▸ **Prompt**
Restate word for word the lines below from the one that has "LA Lakers Basketball Graphic White T-Shirt" through the one that has "SanDisk 512GB Ultra", keeping both and dropping all pictures.

▸ **Data to examine**

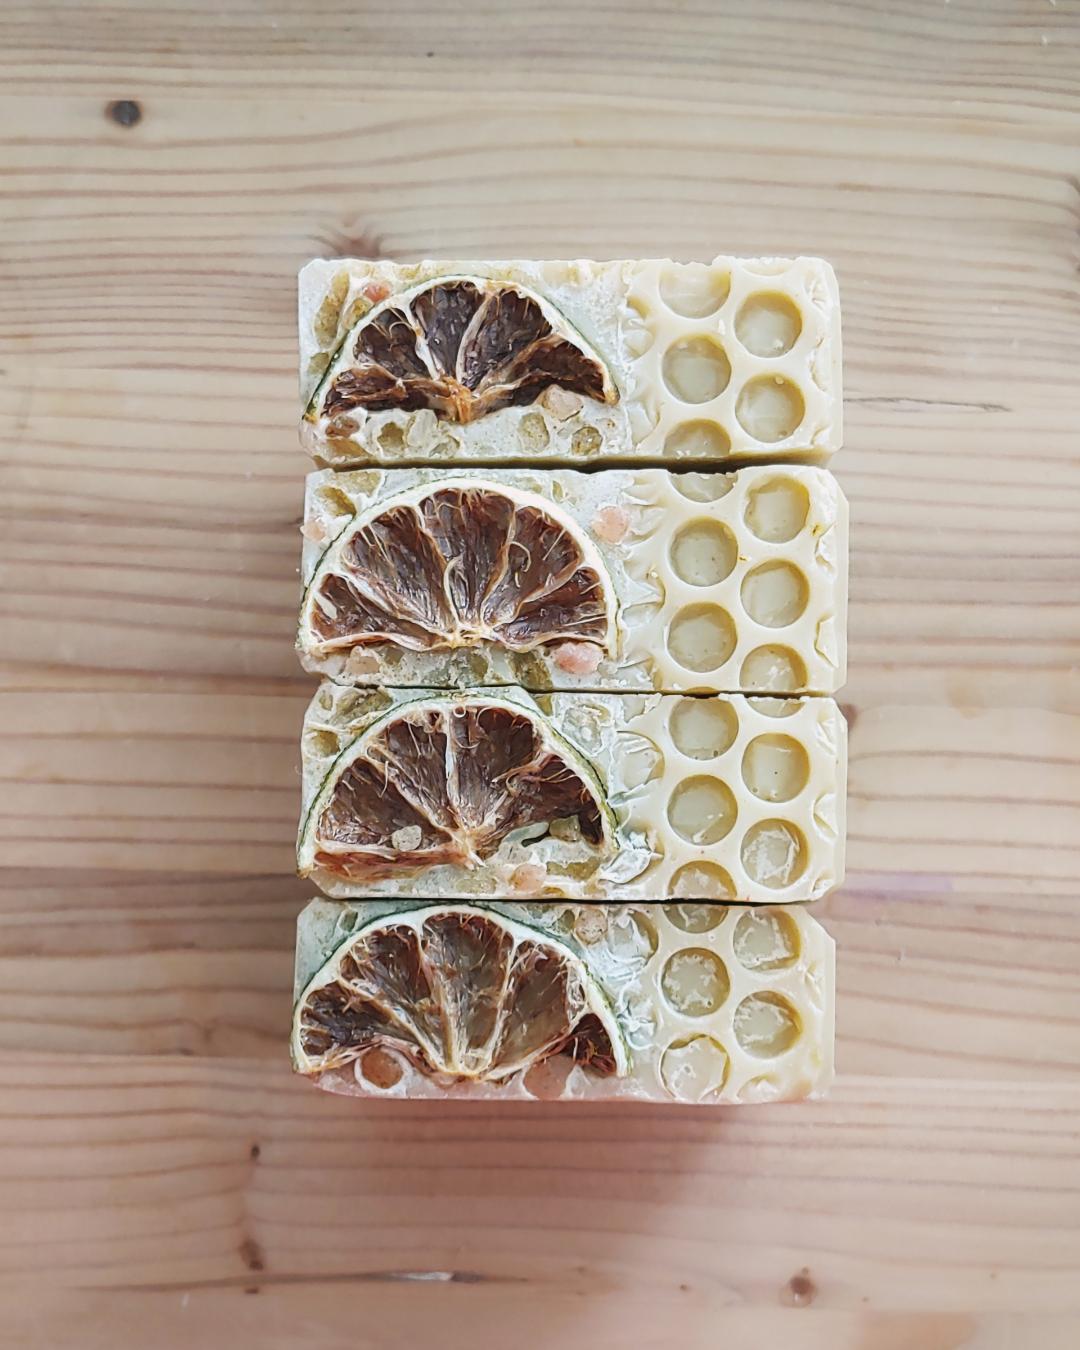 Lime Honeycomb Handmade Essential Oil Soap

==

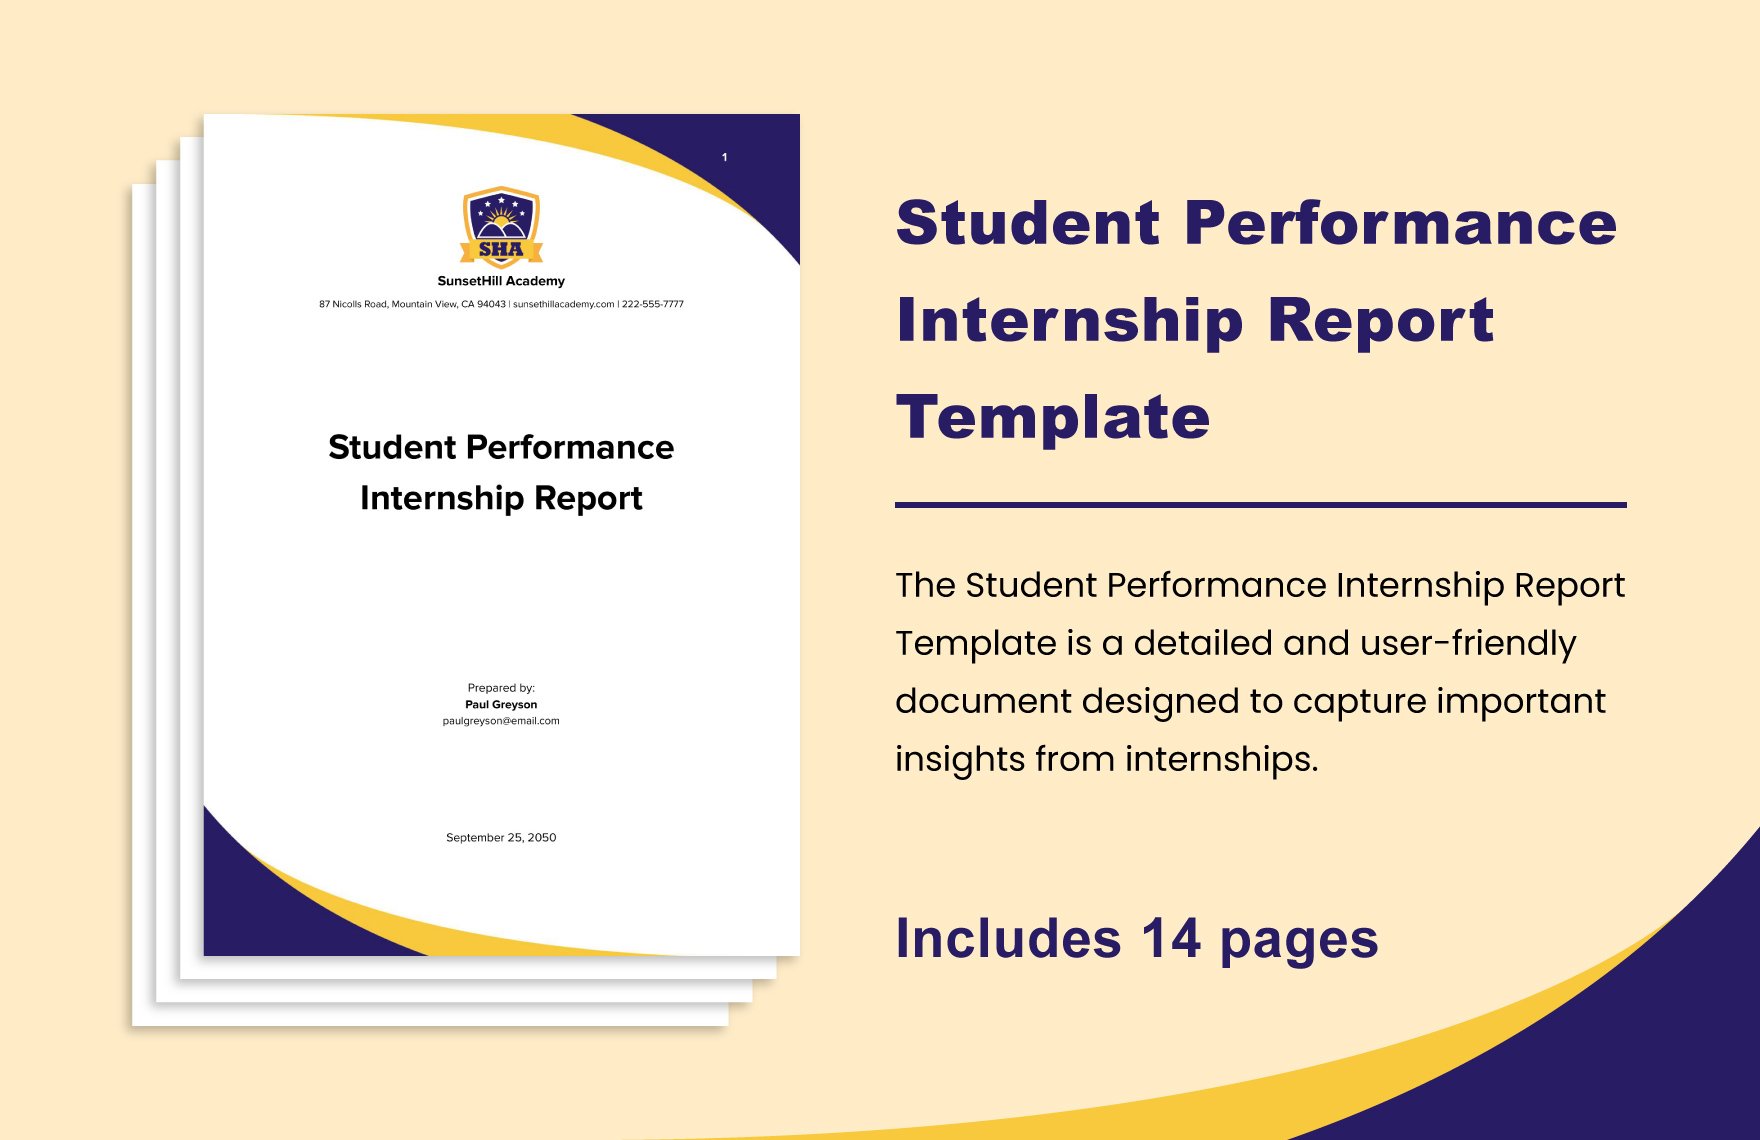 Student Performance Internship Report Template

---

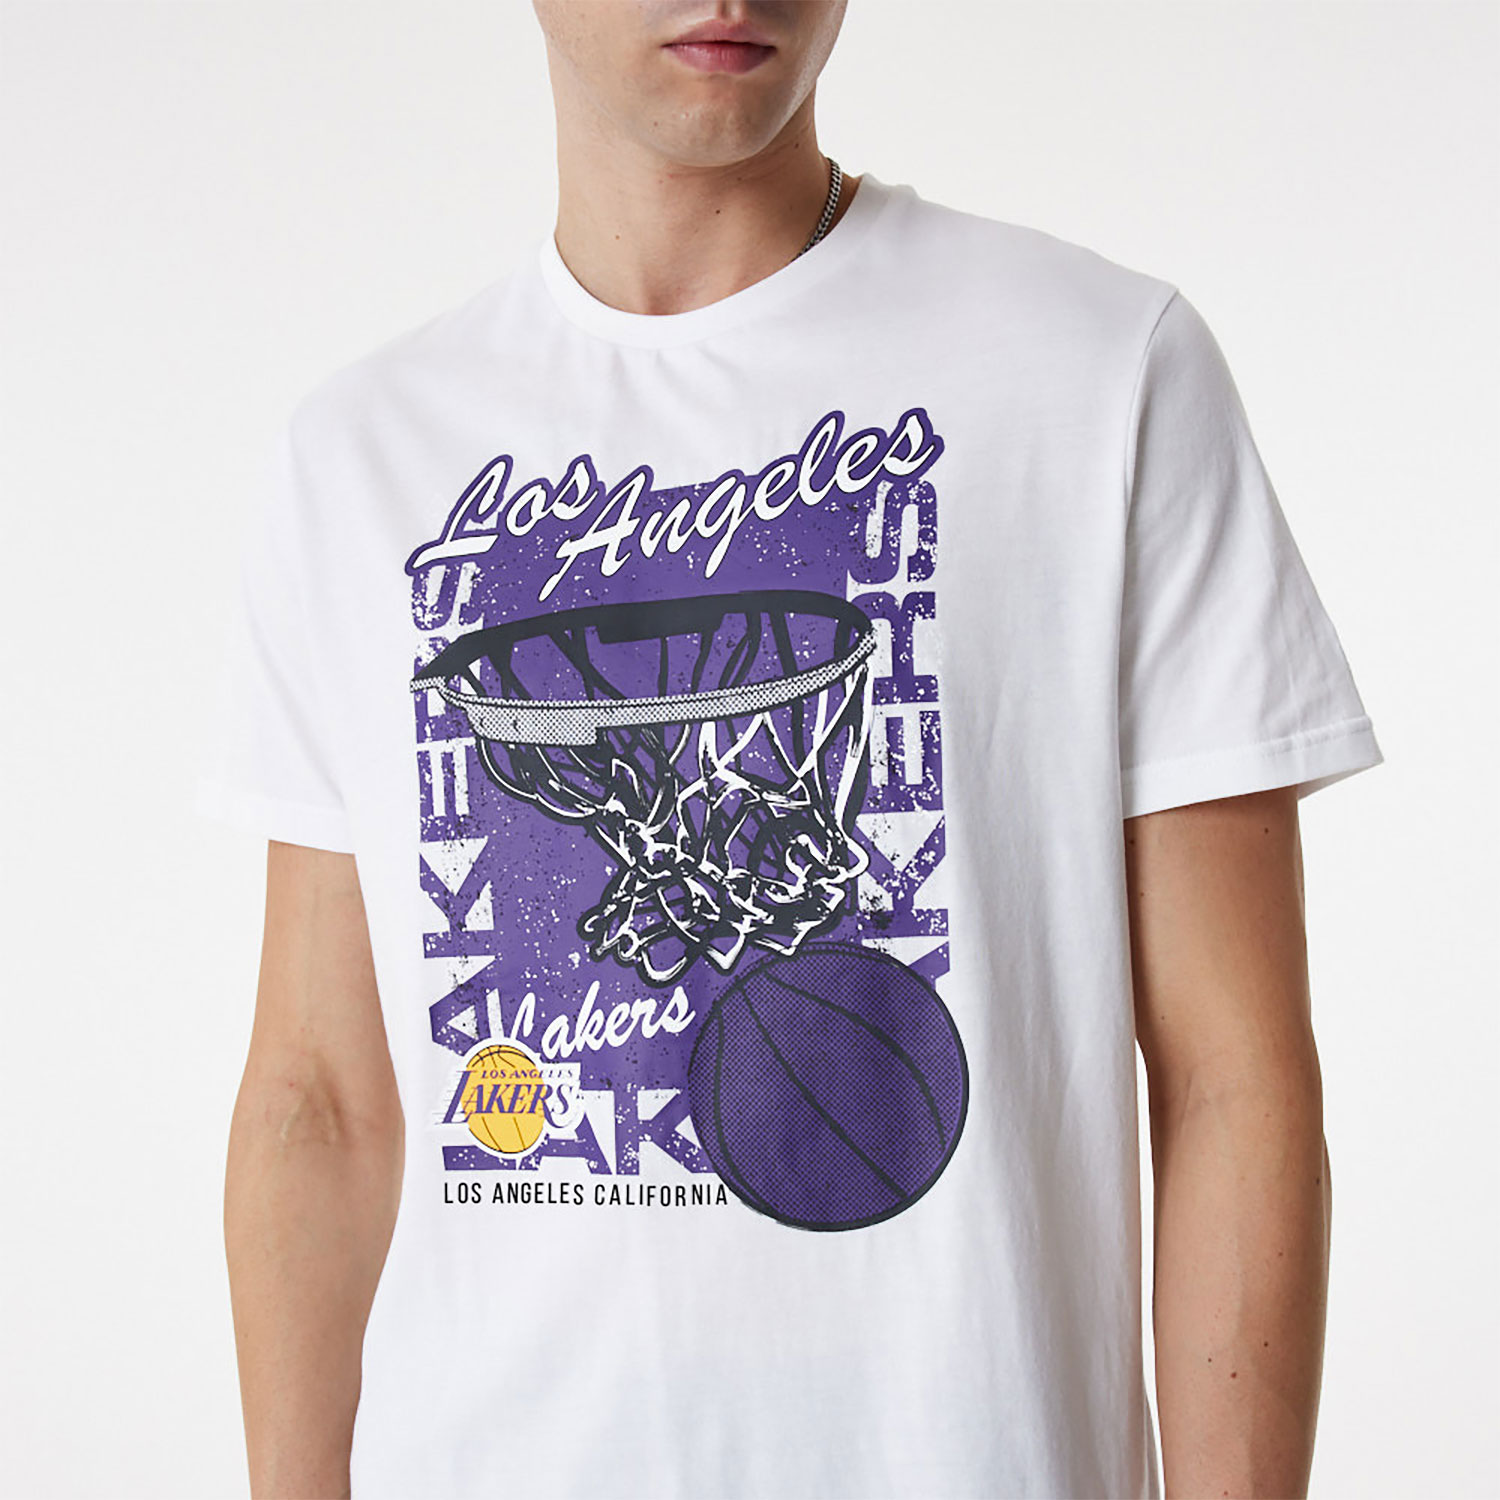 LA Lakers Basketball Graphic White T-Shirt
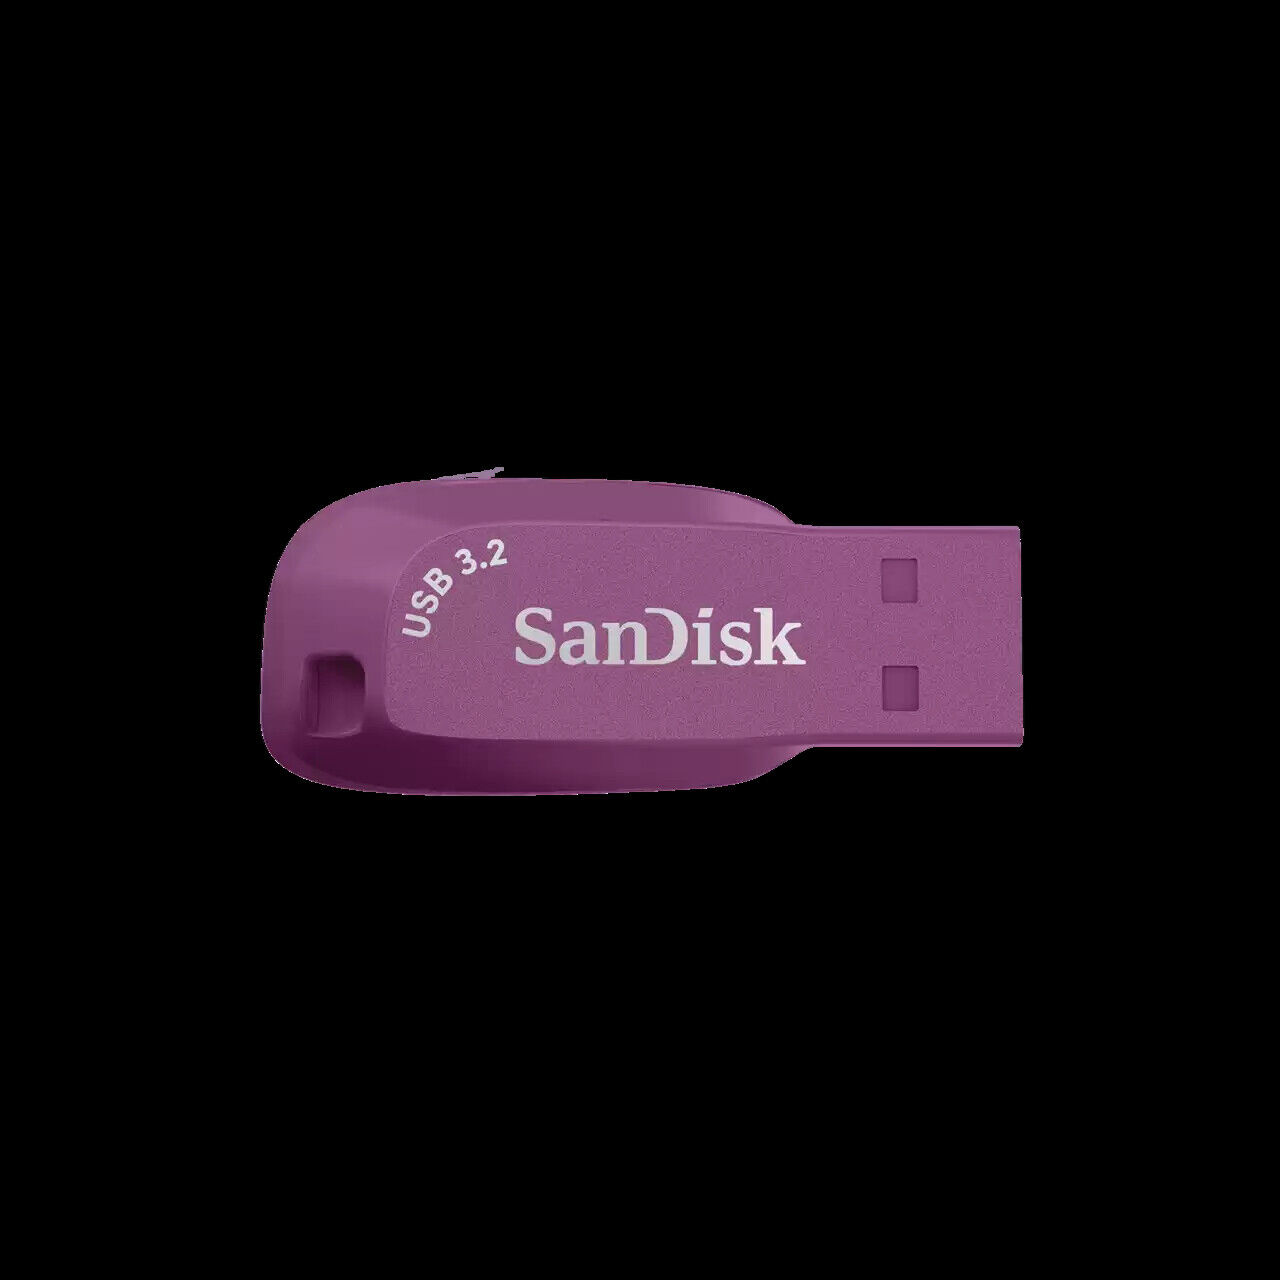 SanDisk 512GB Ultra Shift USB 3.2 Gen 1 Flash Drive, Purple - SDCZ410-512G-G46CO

▸ **Output of the exercise**
 LA Lakers Basketball Graphic White T-Shirt
 SanDisk 512GB Ultra Shift USB 3.2 Gen 1 Flash Drive, Purple - SDCZ410-512G-G46CO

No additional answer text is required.